Pour revenir aux personnes âgées, ça m’évoque deux études que nous avons menées avec le centre collaborateur OMS. L’une portait sur la manière dont les personnes âgées ont traversé et ont accédé aux services, notamment d’aide et de soin à domicile, et elle montre très clairement que leur capacité de résilience était extrêmement grande et, en tout cas, supérieure à celle de populations les plus jeunes. Cette capacité de résilience, c’est-à-dire celle tout simplement de faire face et bien, elle existe, elle est présente chez les personnes âgées.

Dans les interviews qu’on a réalisées, les personnes nous disaient : « Mais vous savez, moi avec ce que j’ai vu de la guerre, lors des différentes crises, face au chômage, ce n’est pas le covid qui va renverser mon existence. »

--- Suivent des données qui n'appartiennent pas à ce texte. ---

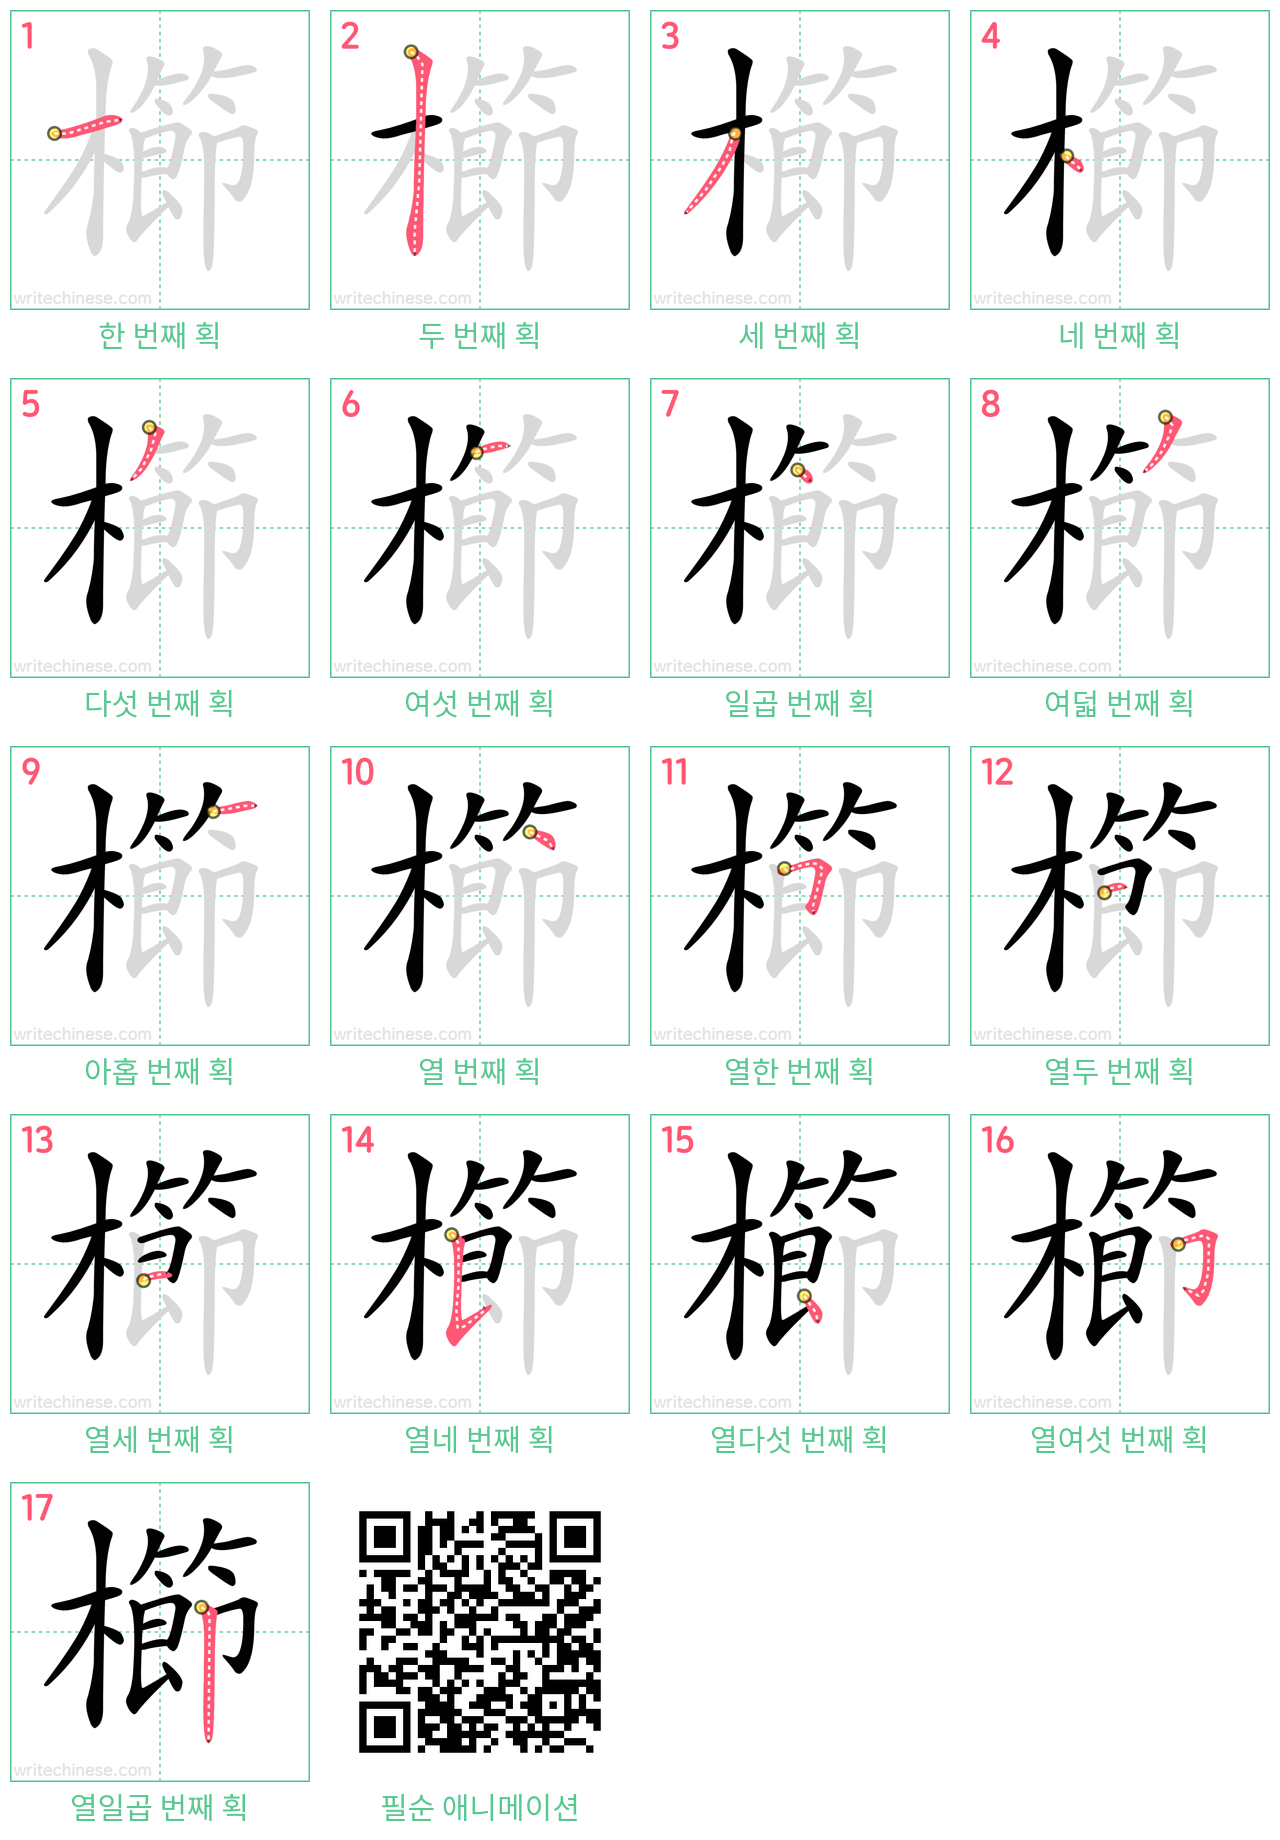 櫛 step-by-step stroke order diagrams

C’était tout à fait intéressant. Je crois qu’il faut qu’on intègre cette idée de résilience à notre approche de la santé publique. Il y a toujours cette idée de préparation aux différentes crises, de mise en capacité d’une population à faire face à des difficultés potentielles. Et bien, je crois que, maintenant que le mot de résilience s’est généralisé, il ne faut pas hésiter à l’employer. Il faut préparer les structures, accompagner les gens pour développer leur capacité à la résilience parce que nous aurons d’autres crises, nous aurons évidemment d’autres pandémies et nous avons besoin collectivement de développer cette capacité de résilience.

Ceci dit, elle ne génère rien de particulièrement nouveau puisque c’est la prévention qui est le levier majeur de la résilience, avec les conditions de gestion des crises.

Maintenant que c’est quelque chose qui est partagée, il ne faut pas hésiter à l’utiliser, il ne faut pas hésiter à approfondir cette question.